Les droites autoritaires. Il est insoutenable de mettre Salazar, de Gaulle, Perón, Milosevic, Ben Ali, maintenant Sisi, Erdogan, Rodrigo Duterte, dans le même lot. Et pourtant il s’agit bien de régimes plus ou moins autoritaires, élus plus ou moins démocratiquement, mais non fascistes. (N’en déplaise à un éditorialiste de la «Repubblica», qui voit dans Viktor Orban et d’autres dirigeants de l’Est européen une nouvelle «ascension hitlérienne»…) Ils sont centrés sur une personnalité plus ou moins charismatique, plus ou moins despotique, ou encore plus ou moins éclairée, mais ils n’ont pas à leur service une idéologie structurée, des mouvements de jeunes, des chemises unicolores, etc.

Les droites affairistes. Des industriels, des entrepreneurs, des «libéraux», des chefs d’entreprise, des bourgeois se retrouvent dans une même vision très à droite de la société, assez bien représentée par Donald Trump. Pour la France, nombre de grandes familles comme les Dassault appartiennent à ce courant, qui déteste les syndicats et l’interventionnisme étatique (sauf pour en recevoir des commandes).

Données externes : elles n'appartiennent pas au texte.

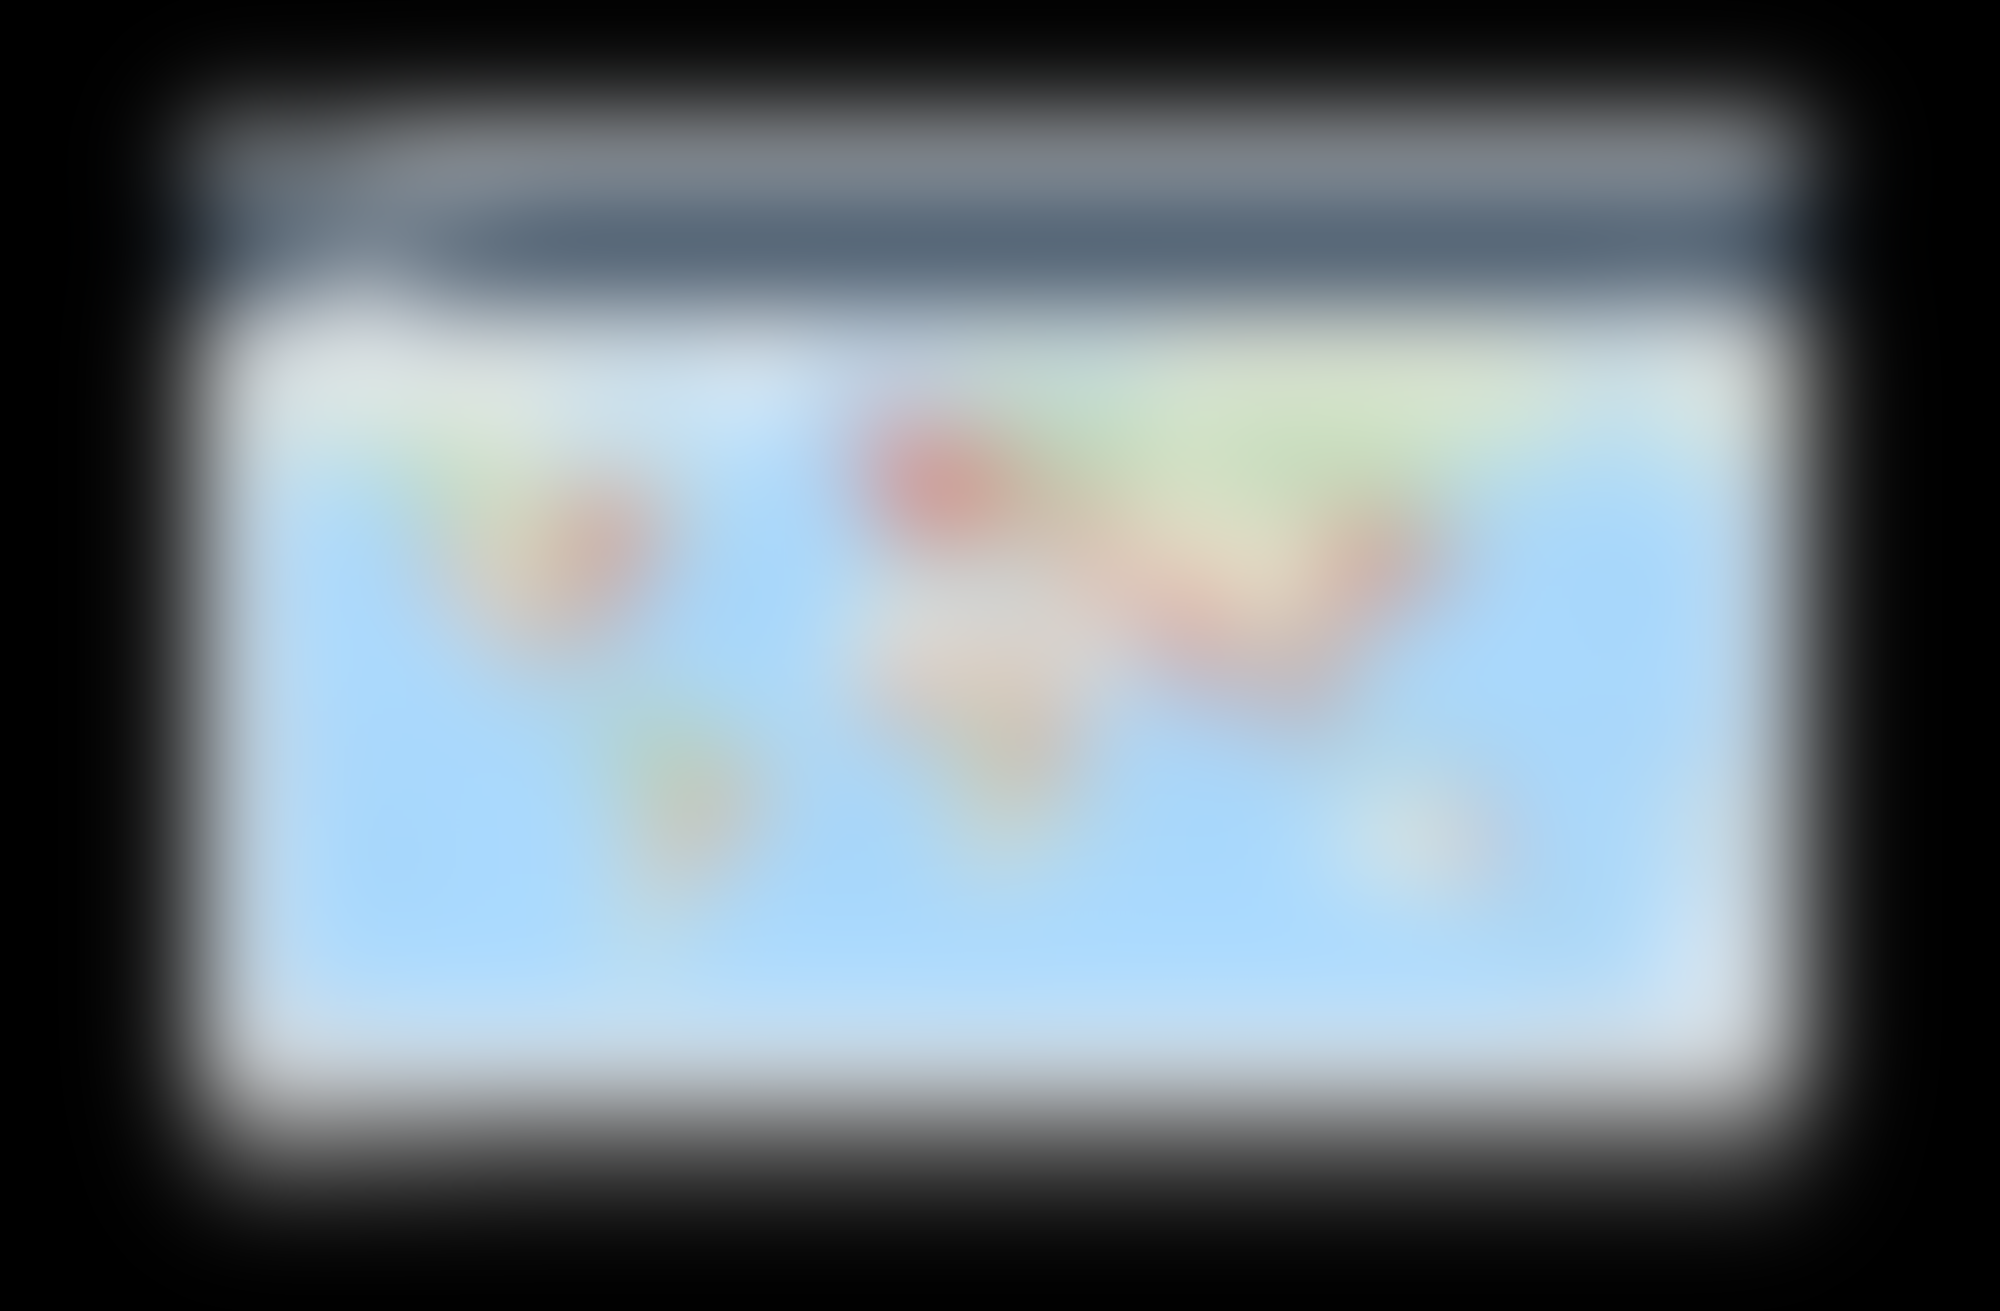 Vivan galinari lectureinprogress bbc software engineer 03 autocompressfitresizeixlibphp 1 1 0max h2000max w3 D2000q80s9118dc9fc3f396f33b57f6af73bfbd4a

Les inclassables. Il y a des gens ou des groupes qui traversent les droites et extrêmes droites. Ainsi des militaires, qui penchent assez naturellement à droite: bonapartistes, franquistes, pinochistes, fous d’uniformes et d’armes, bérets verts aux États-Unis, etc. Il y a aussi les Heimatfreunde, amateurs de chants et de danses folkloriques, toujours bien à droite.

Ce tour d’horizon n’a pas l’ambition d’être exhaustif; il veut simplement souligner qu’il n’y a pas une extrême droite, mais au contraire, on peut le dire ici, un faisceau de courants qui peuvent s’allier ou, au contraire, se combattre férocement.